Diabetes is common in cats and dogs as it is in people. In people there are several types of diabetes but in our pets there is only one kind. In dogs control is always by insulin injections but there are some cases in cats that can be treated by dietary changes so avoiding the injections.
Signs can be very non-specific, usually there is increased thirst and weight loss, but not always. We diagnose by looking for glucose in the urine or blood. The problem we have in cats is that stress increases glucose levels a lot, so any cat that has been removed from its sleep (where they usually are!), put in a box, then a car, sat in the waiting room and then restrained for a blood test, is going to have high glucose. To get round this we can test for a sugar called fructosamine, which is always high in diabetic cats and not affected by stress.

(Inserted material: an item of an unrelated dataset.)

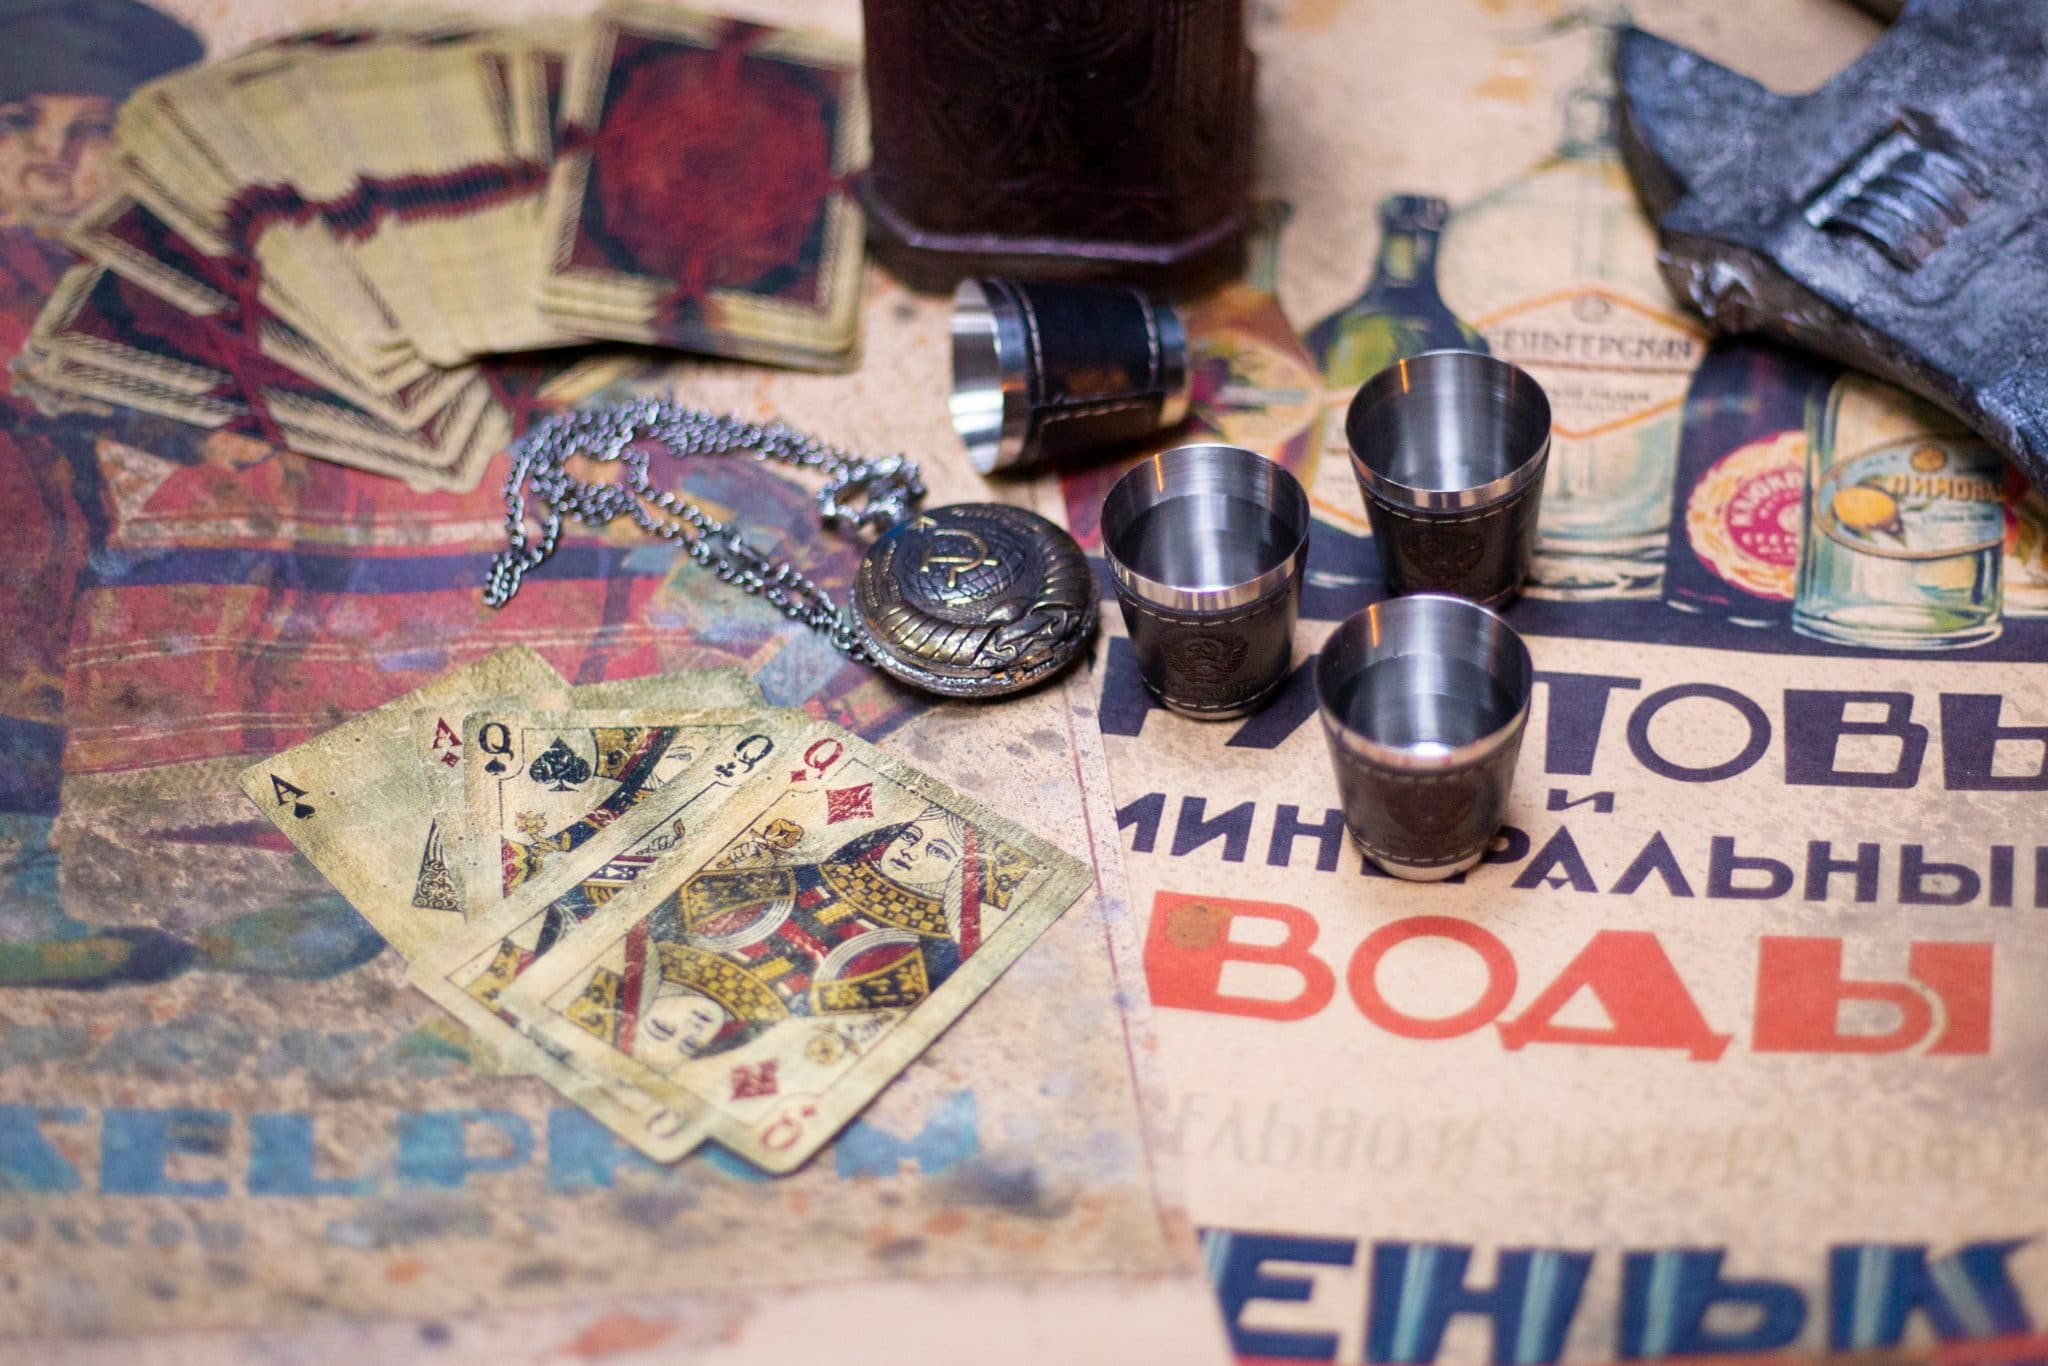 soviet club paris experience sous marin
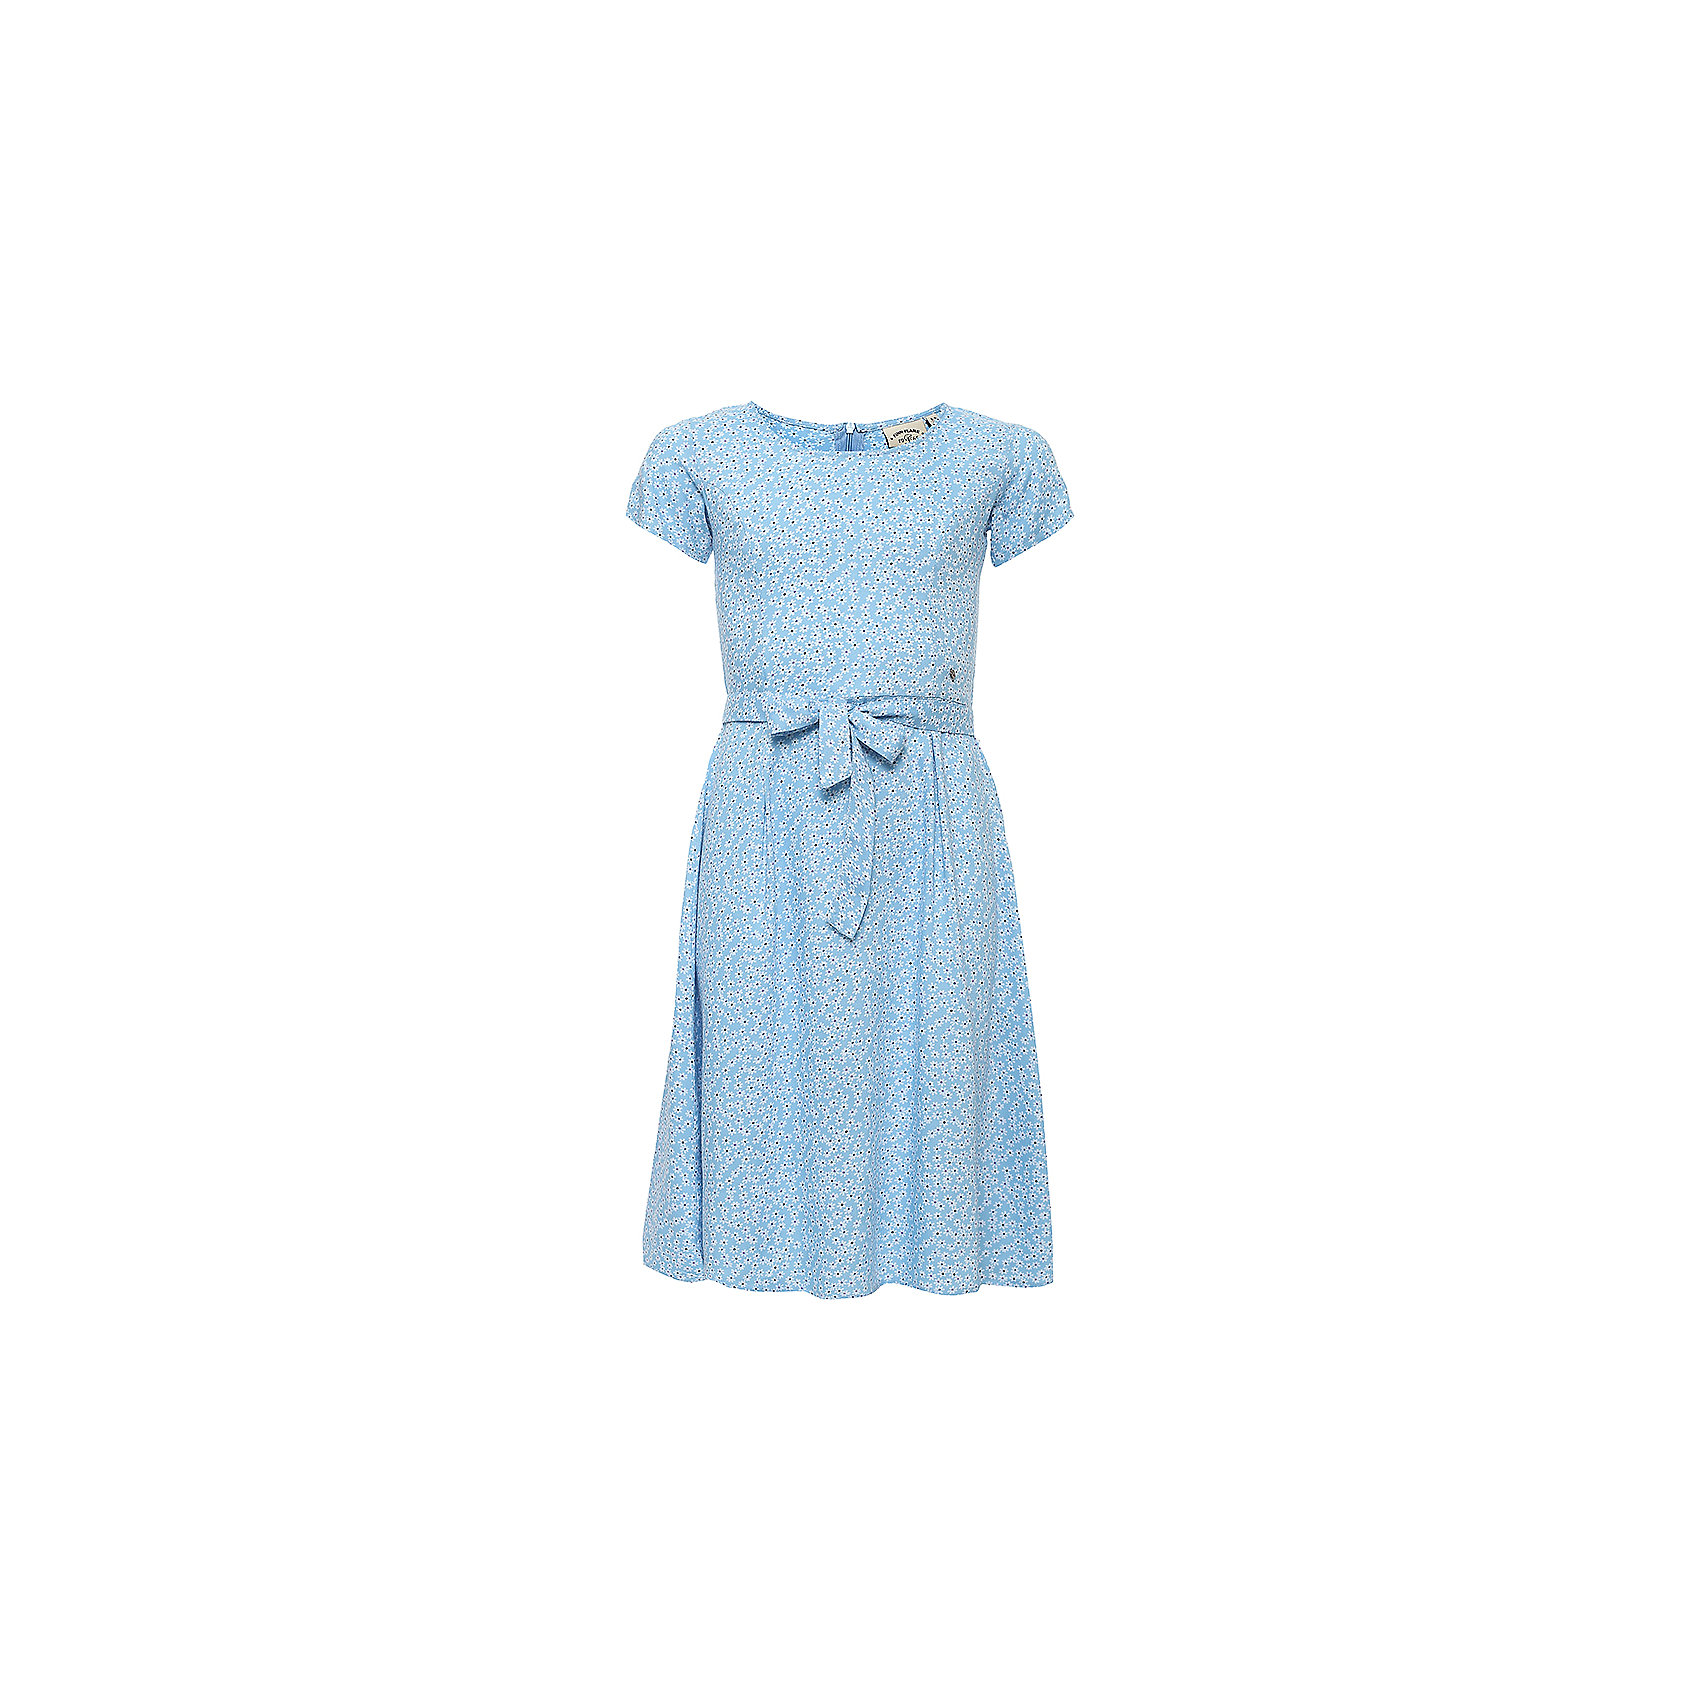 Платье для девочки Finn FlareПлатье для девочки от известного бренда Finn Flare<br>Фактура материала:Текстильный<br>Вид застежки:Молния<br> Длина рукава:Короткие<br> Тип карманов:Без карманов<br>Состав:<br>100% вискоза<br><br>Ширина мм: 236<br>Глубина мм: 16<br>Высота мм: 184<br>Вес г: 177<br>Цвет: голубой<br>Возраст от месяцев: 48<br>Возраст до месяцев: 60<br>Пол: Женский<br>Возраст: Детский<br>Размер: 110,122,134,146,158<br>SKU: 4835241

Early and aggressive treatment in cats can sometimes result in a full cure and no further treatment, so early diagnosis is vital.
In both cats and dogs there seems to be two common ages of onset, around 3 years old and then again when the pet is over 9 years old. The older onset cases can be much more difficult to control, we believe this is because there will be other ‘old age’ changes taking place in the pet’s body which complicate the demand for glucose.
Starting off injecting your pet is often traumatic, but virtually everyone gets the hang of it very quickly, we keep home testing to a minimum to keep things easy and there are a host of aids such as booklets, DVDs, charts, YouTube videos to help. Recently an injecting ‘pen’ has become available that automatically draws up the right amount of insulin and injects it for you!